• Brief: Return all entries precisely as they stand, without the images.

(Records contained in a dataset)
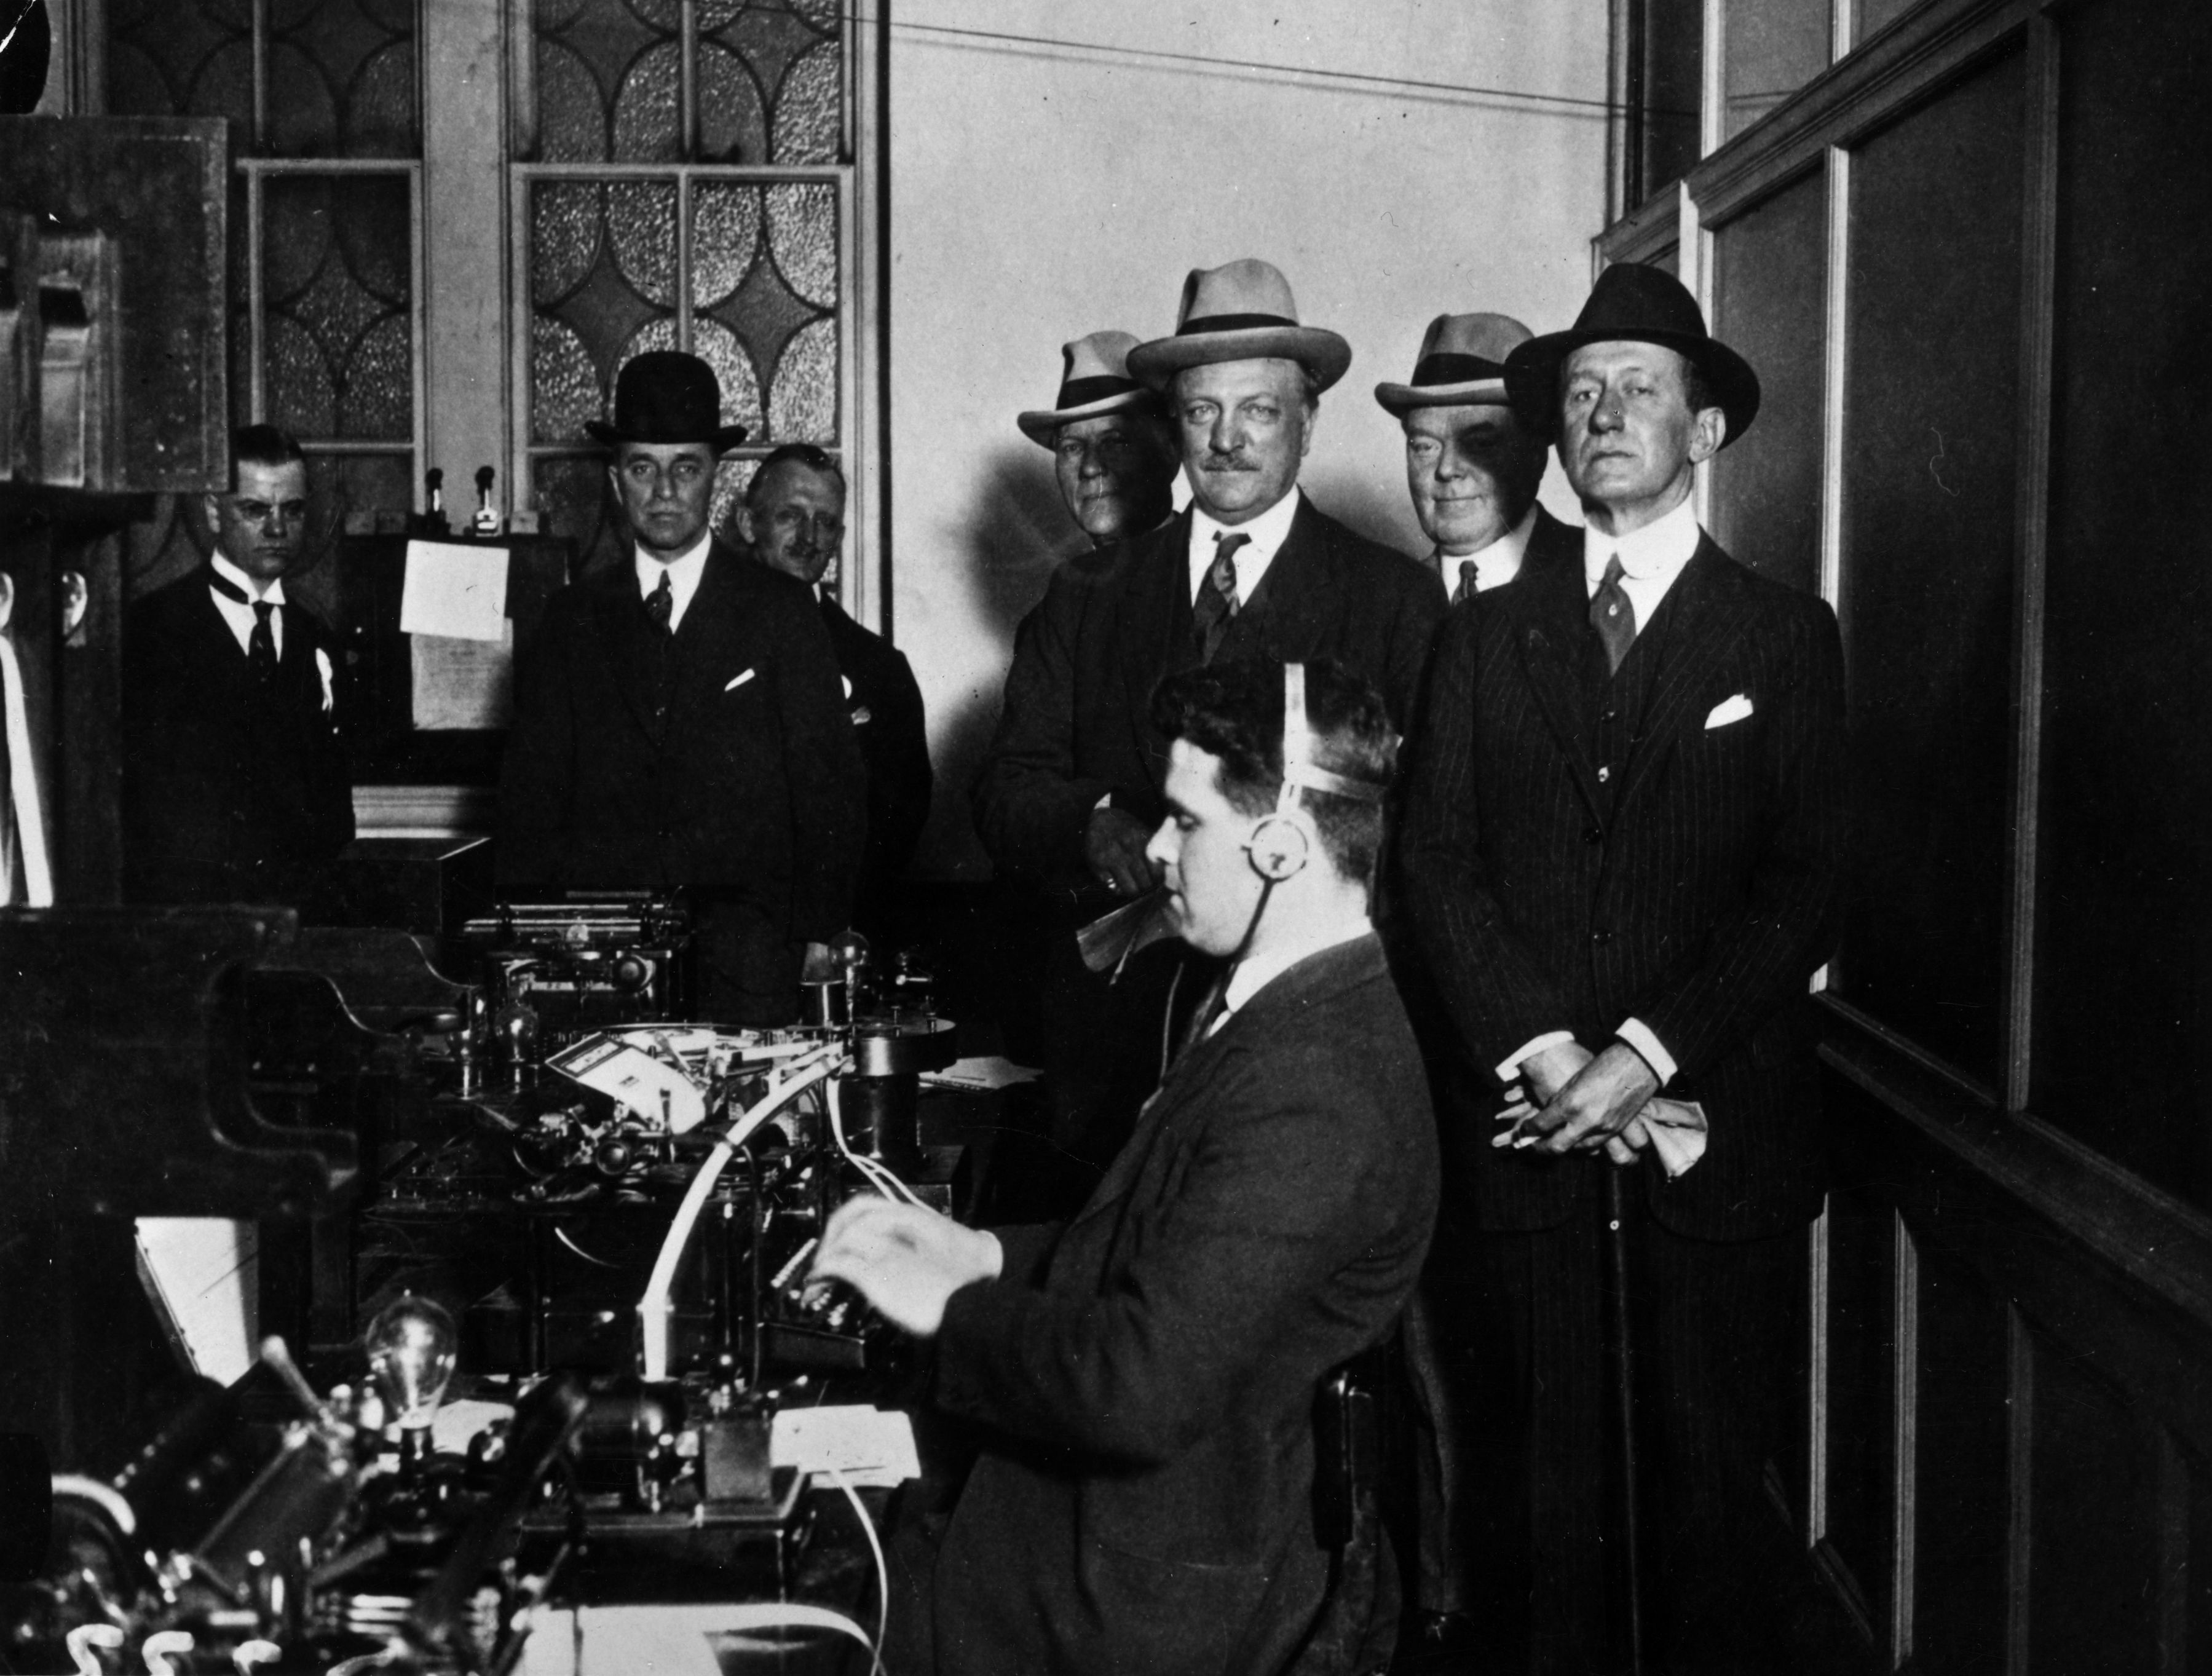 Giugno 1923: alcuni politici assistono a una dimostrazione in una stazione wireless locale. A destra Guglielmo Marconi
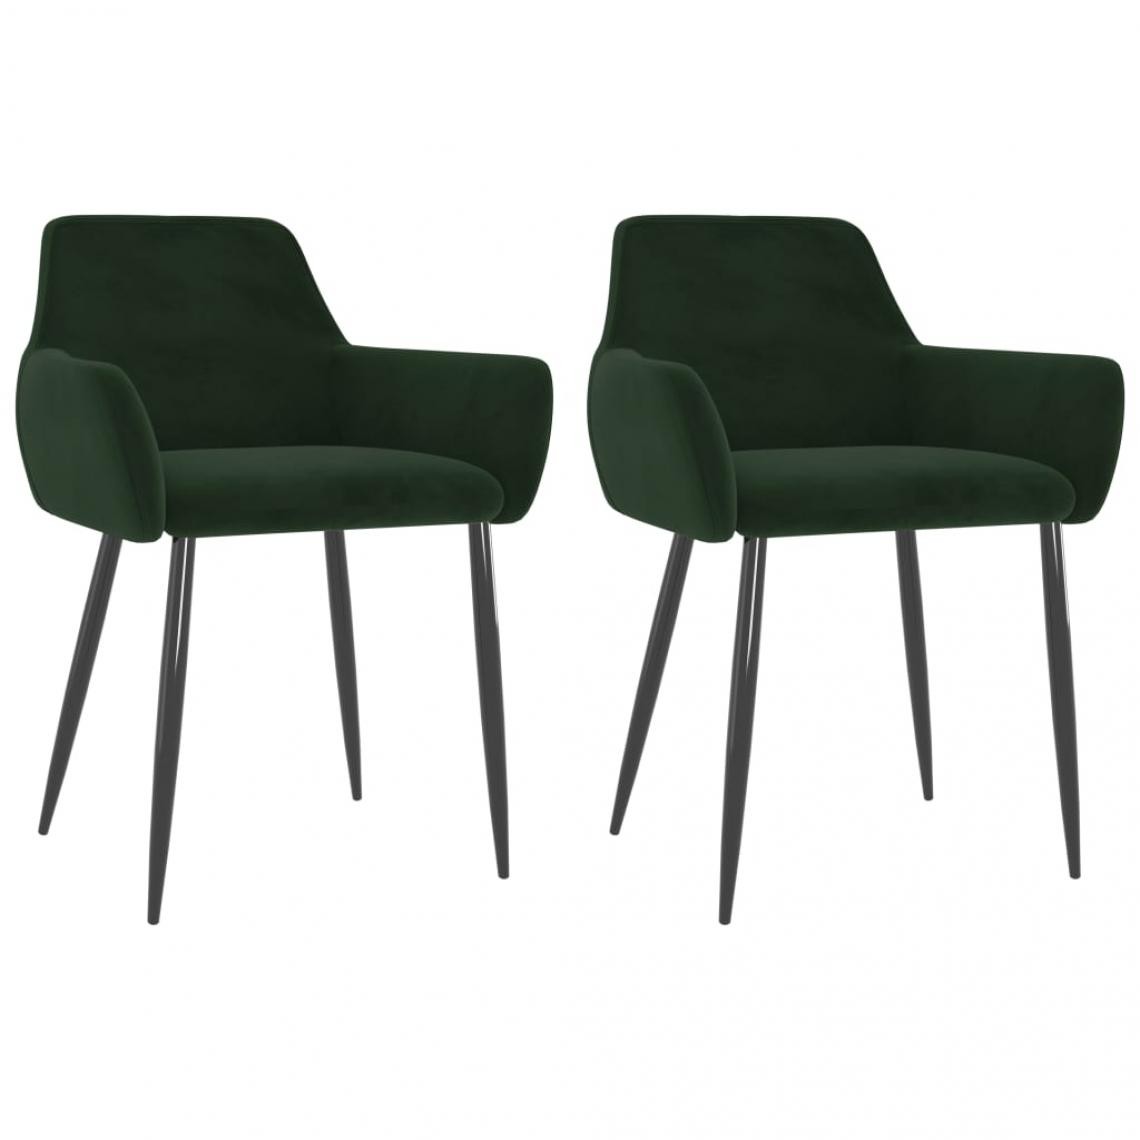 Decoshop26 - Lot de 2 chaises de salle à manger cuisine design moderne velours vert foncé CDS021090 - Chaises
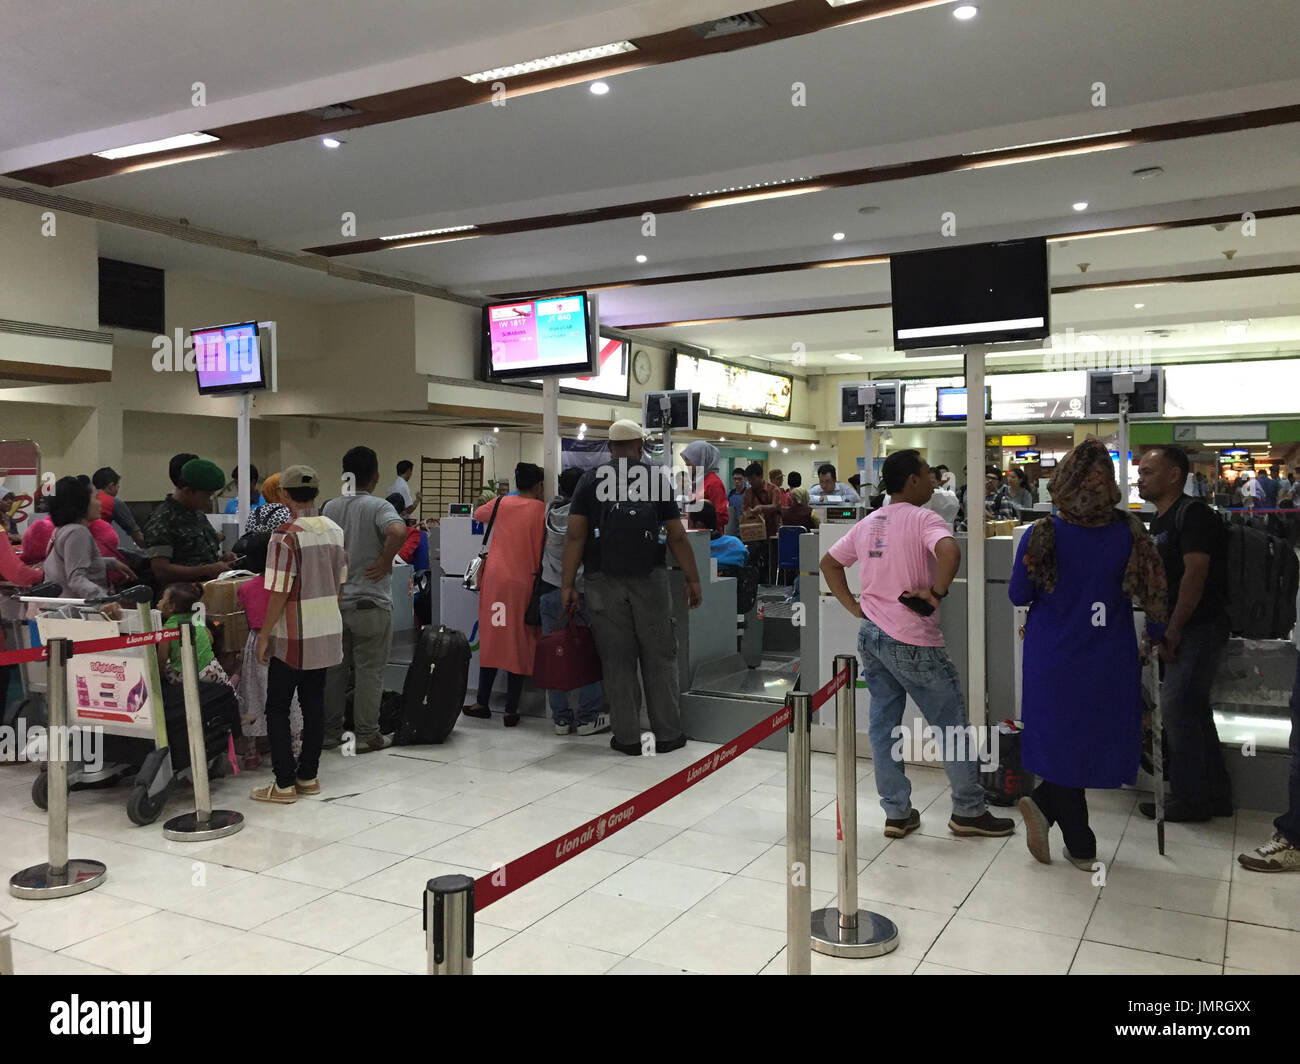 Yogyakarta, Indonesia - Apr 15, 2016. Passengers waiting at Adisutjipto Airport in Yogyakarta, Indonesia. The Airport is the 4th busiest airport in th Stock Photo
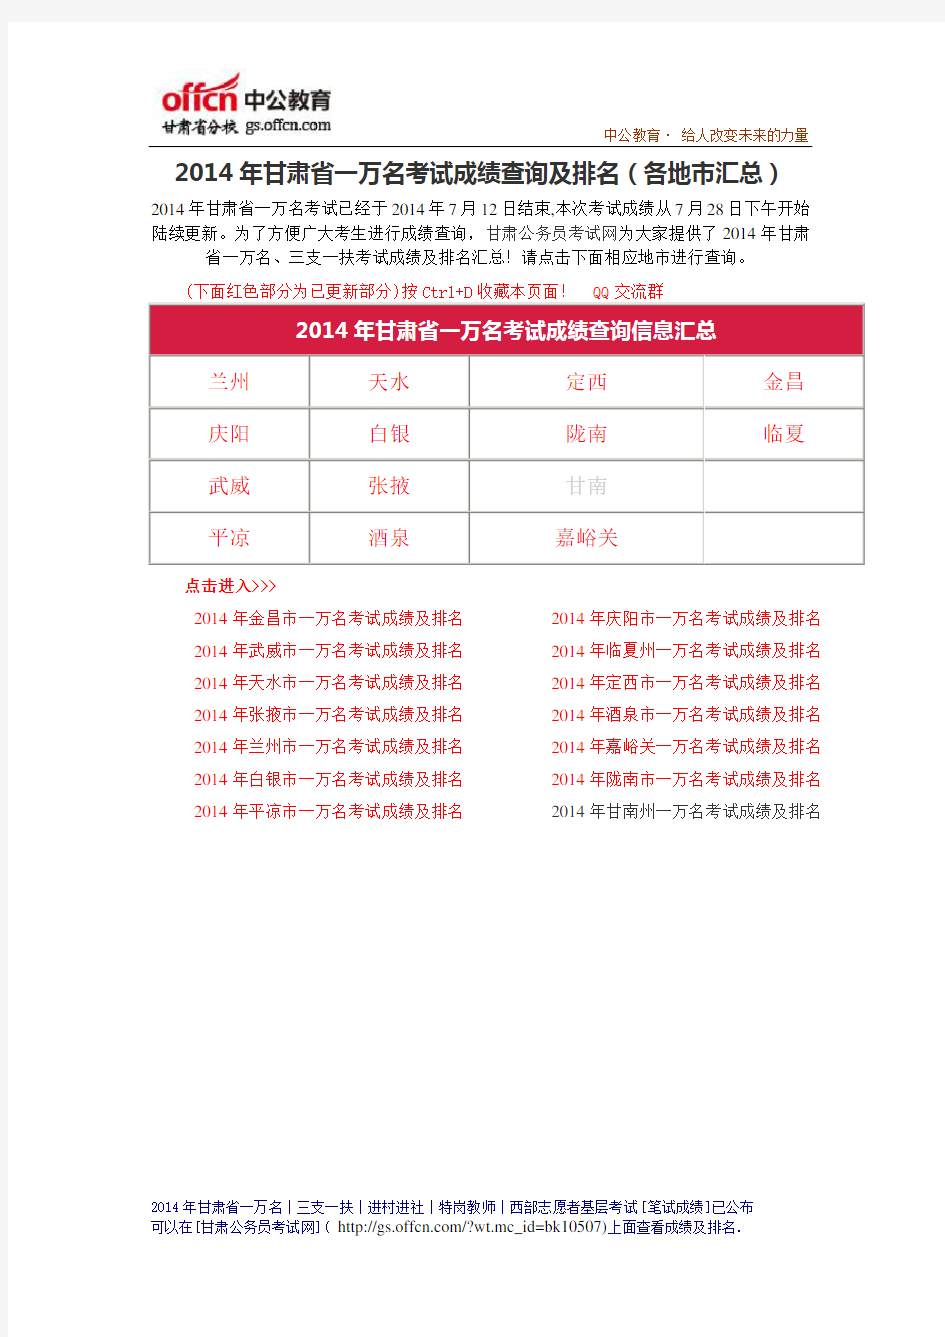 2014年甘肃省一万名考试成绩排名 (32)
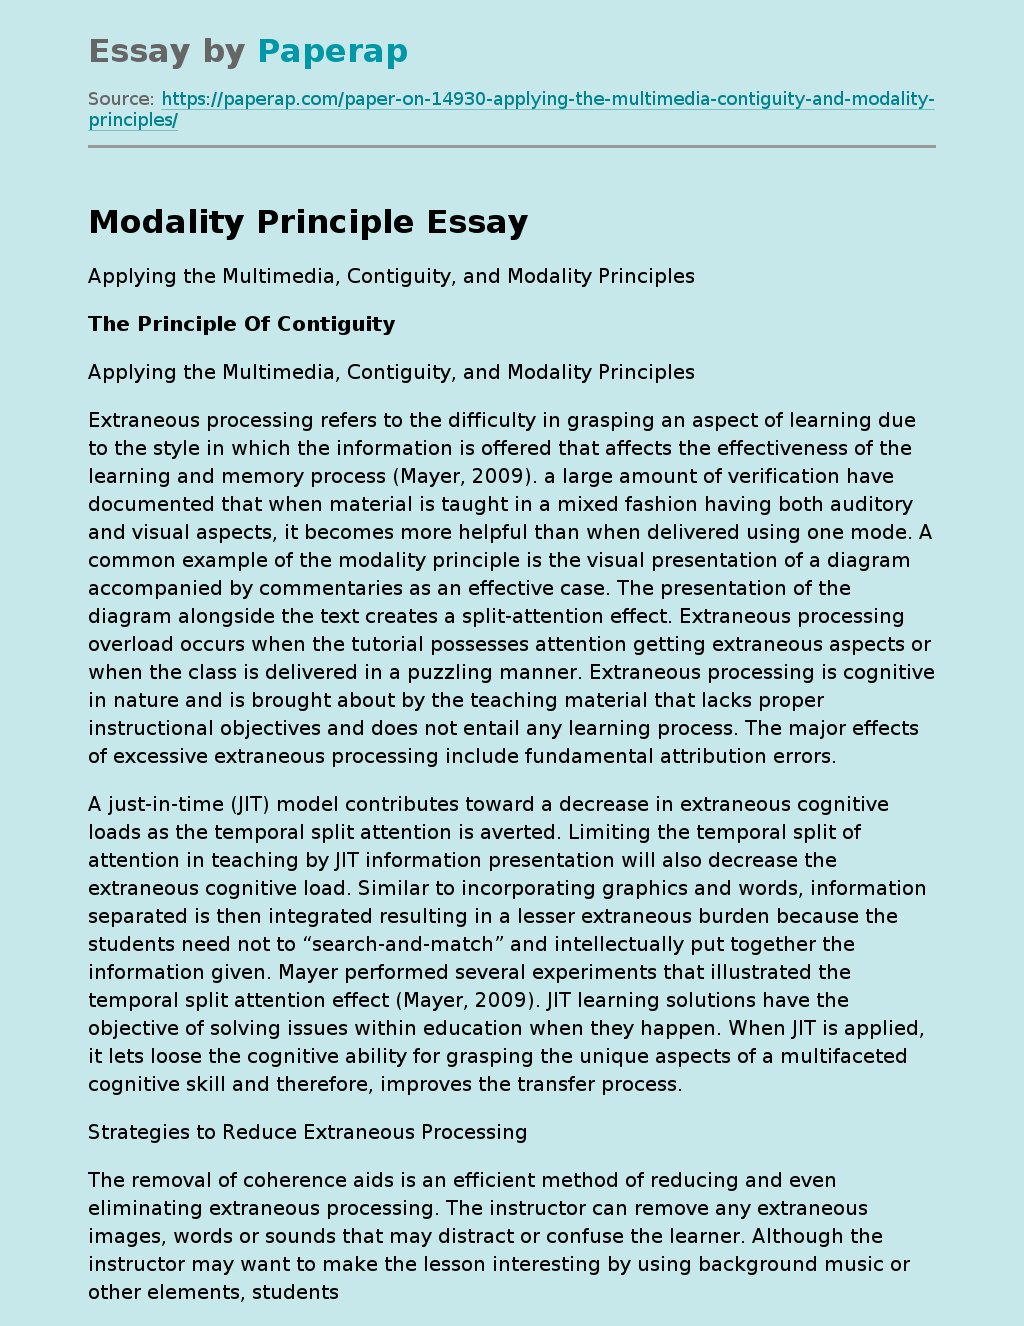 Modality Principle

• Exercise output:
 Giugno 1923: alcuni politici assistono a una dimostrazione in una stazione wireless locale. A destra Guglielmo Marconi
 Decoshop26 - Lot de 2 chaises de salle à manger cuisine design moderne velours vert foncé CDS021090 - Chaises
 Yogyakarta, Indonesia - Apr 15, 2016. Passengers waiting at Adisutjipto Airport in Yogyakarta, Indonesia. The Airport is the 4th busiest airport in th Stock Photo
 2014年甘肃省一万名考试成绩排名 (32)
 Modality Principle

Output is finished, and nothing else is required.